Our laboratory research focuses on the role of CYP3A enzymes in the growth of prostate and breast cancer. Current work in the lab is focused on understanding the role of CYP3A5 as modulator of androgen receptor signaling and its influence on the therapeutic efficacy of androgen deprivation therapy in prostate cancer. As endocrine therapy resistant breast cancer gains sensitivity to antiandrogens we are also looking into the role of CYP3A4 in gaining therapy resistance in estrogen receptor positive breast cancer. Our lab also focuses on understanding the role of fatty acid signaling in circulating tumor cells (CTCs) which are important indicators of metastasis and associated with poor prognosis.
CYP3A5 in Prostate Cancer
Studies in our laboratory have indicated that CYP3A5 modulates AR signaling by modifying nuclear translocation of AR in prostate cancer. As androgen-targeted therapy plays a central role in the treatment of advanced metastatic prostate cancer our lab is involved in understanding molecular mechanism by which CYP3A5 modulates AR signaling towards developing a new target to block AR nuclear translocation. Since CYP3A5 is also involved in metabolizing several drugs many of which are commonly prescribed to prostate cancer patients we are also testing the effect of polypharmacy on androgen deprivation therapy.
CYP3A4 in Breast Cancer
Many resistant breast cancers switch to androgen receptor (AR) signaling and there is accumulating evidence anti-androgen therapy therefore be used to treat these cancers. Since CYP3A5 is known to regulate AR signaling our lab is currently studying the role of CYP3A in regulating AR expression in resistant and native ER+ breast cancer cells.

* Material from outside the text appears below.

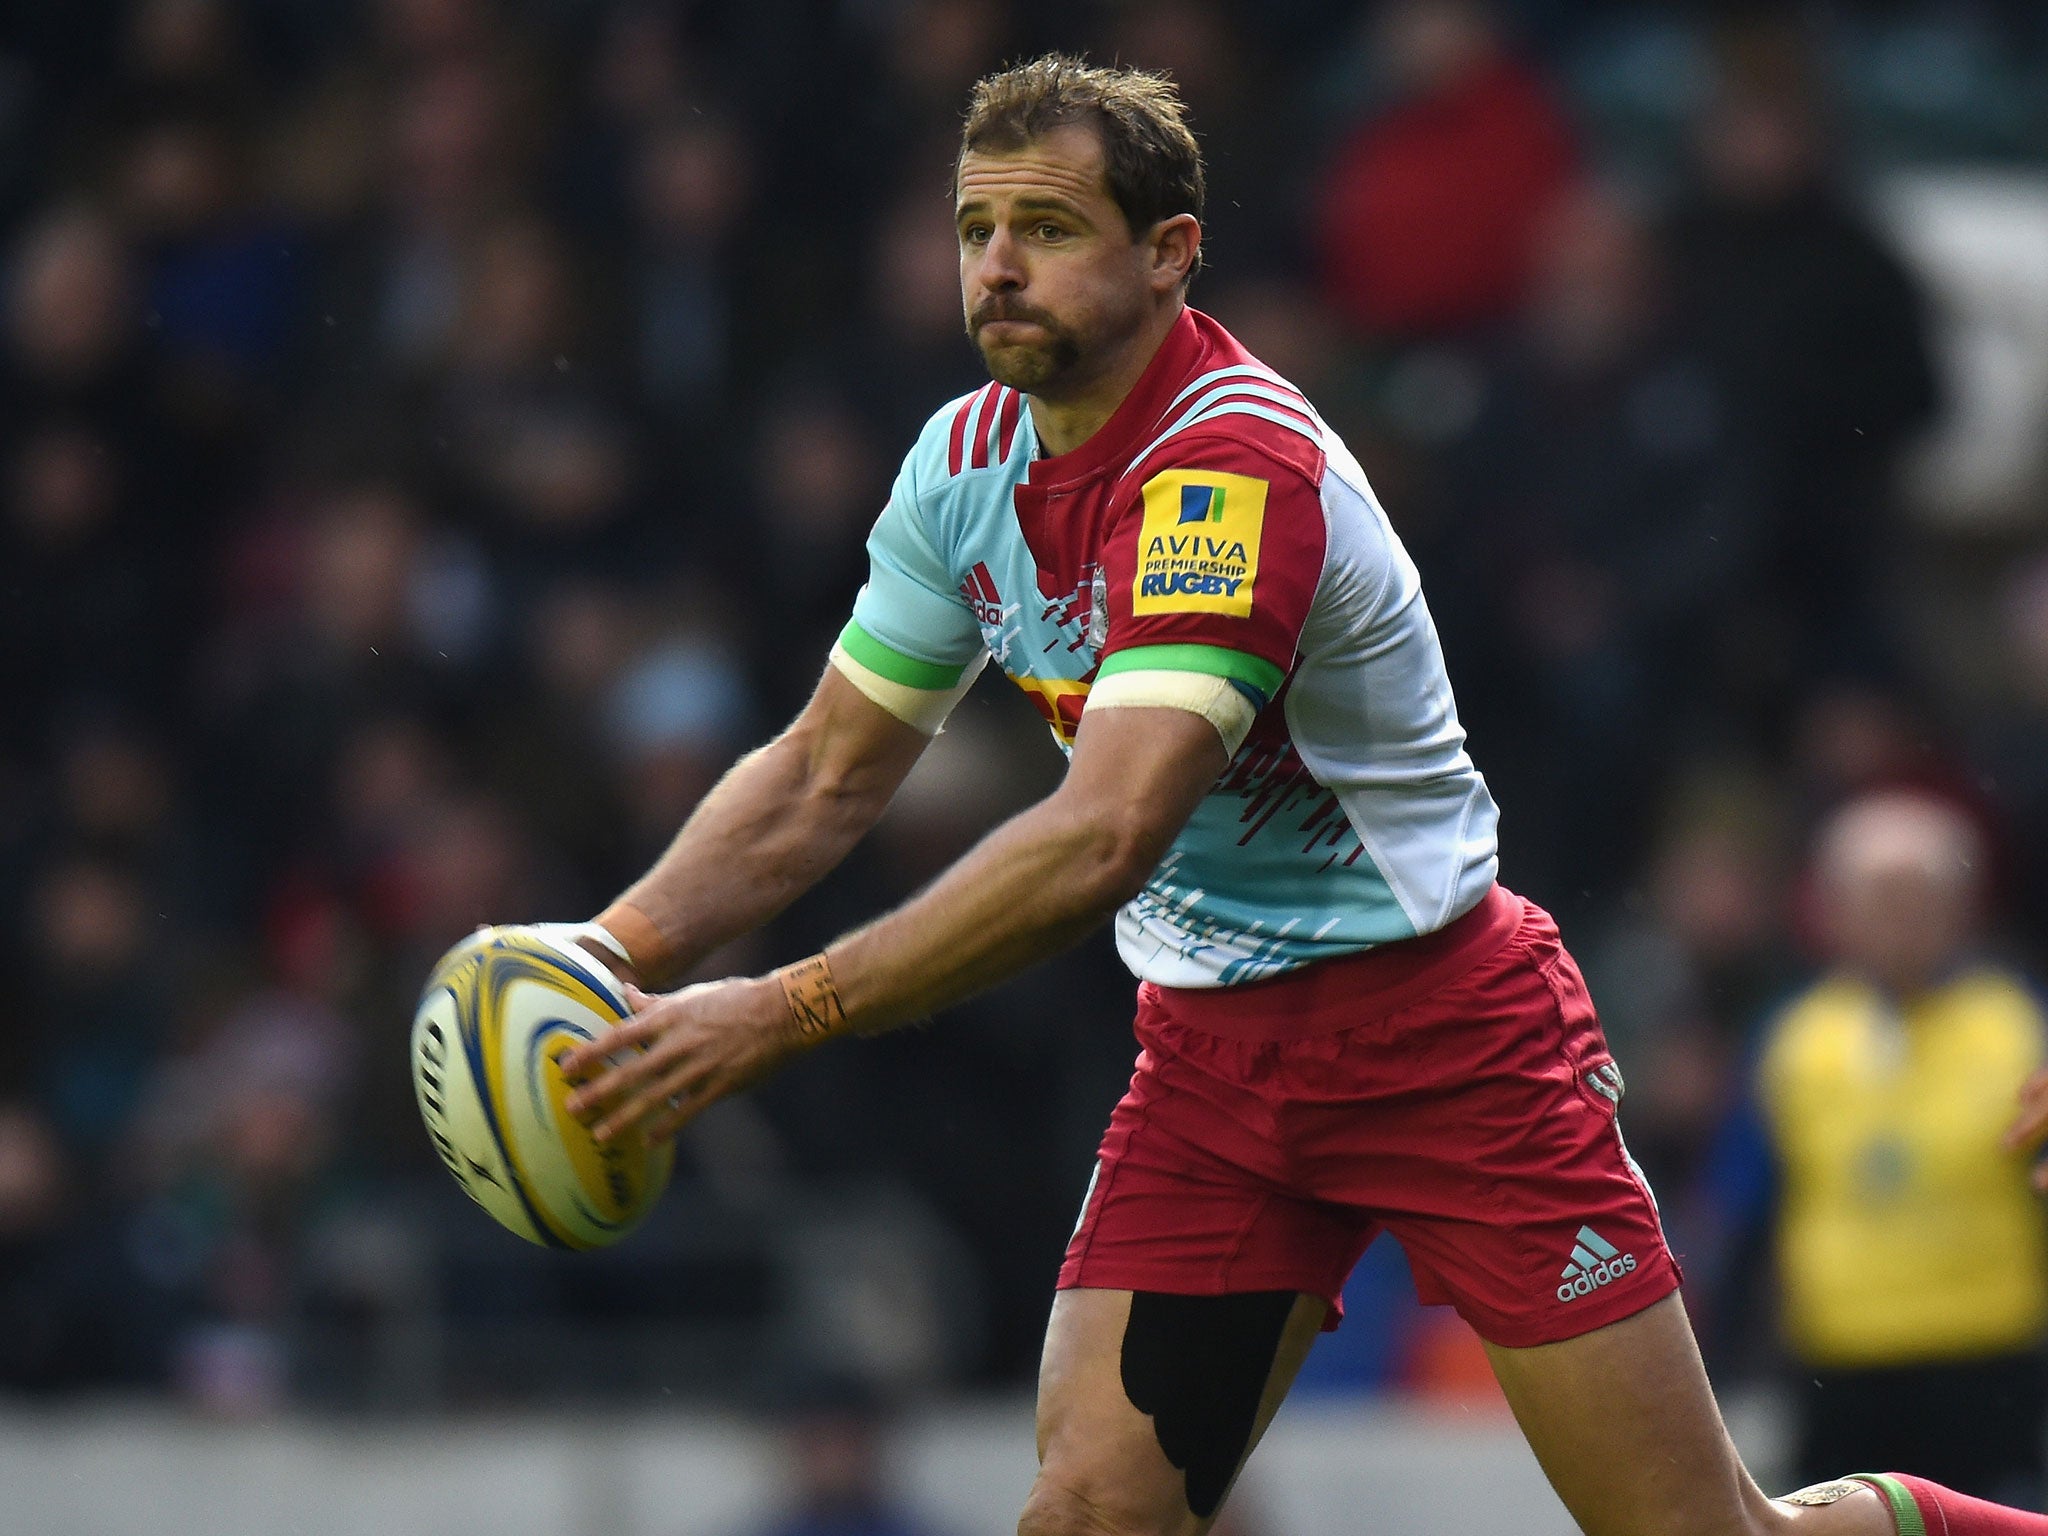 Nick Evans will retire from rugby union at the end of the 2016/17 season

Since CYP3A4 is a major hepatic microsomal enzyme expressed in breast cancer and metabolizes 50% of prescription drugs, our lab if focused on understanding if treatment efficacy may be altered in women taking CYP3A inducer/ inhibitors and undergoing endocrine therapy.
Fatty acid signaling in cancer cells and circulating tumor cells:
We recently published that cancer cells circulating tumor cells uptake fatty acids rapidly and store then as lipid droplets. Our lab is currently focused on studying the altered lipid signaling in cancer cell and circulating tumor cells. Intracellular lipid could serve as a biomarker for CTCs which could be sensitively detected with CARS microscopy in a label-free manner. Strong affinity for lipid by metastatic prostate cancer cells could be used to improve detection sensitivity and therapeutic targeting of prostate CTC.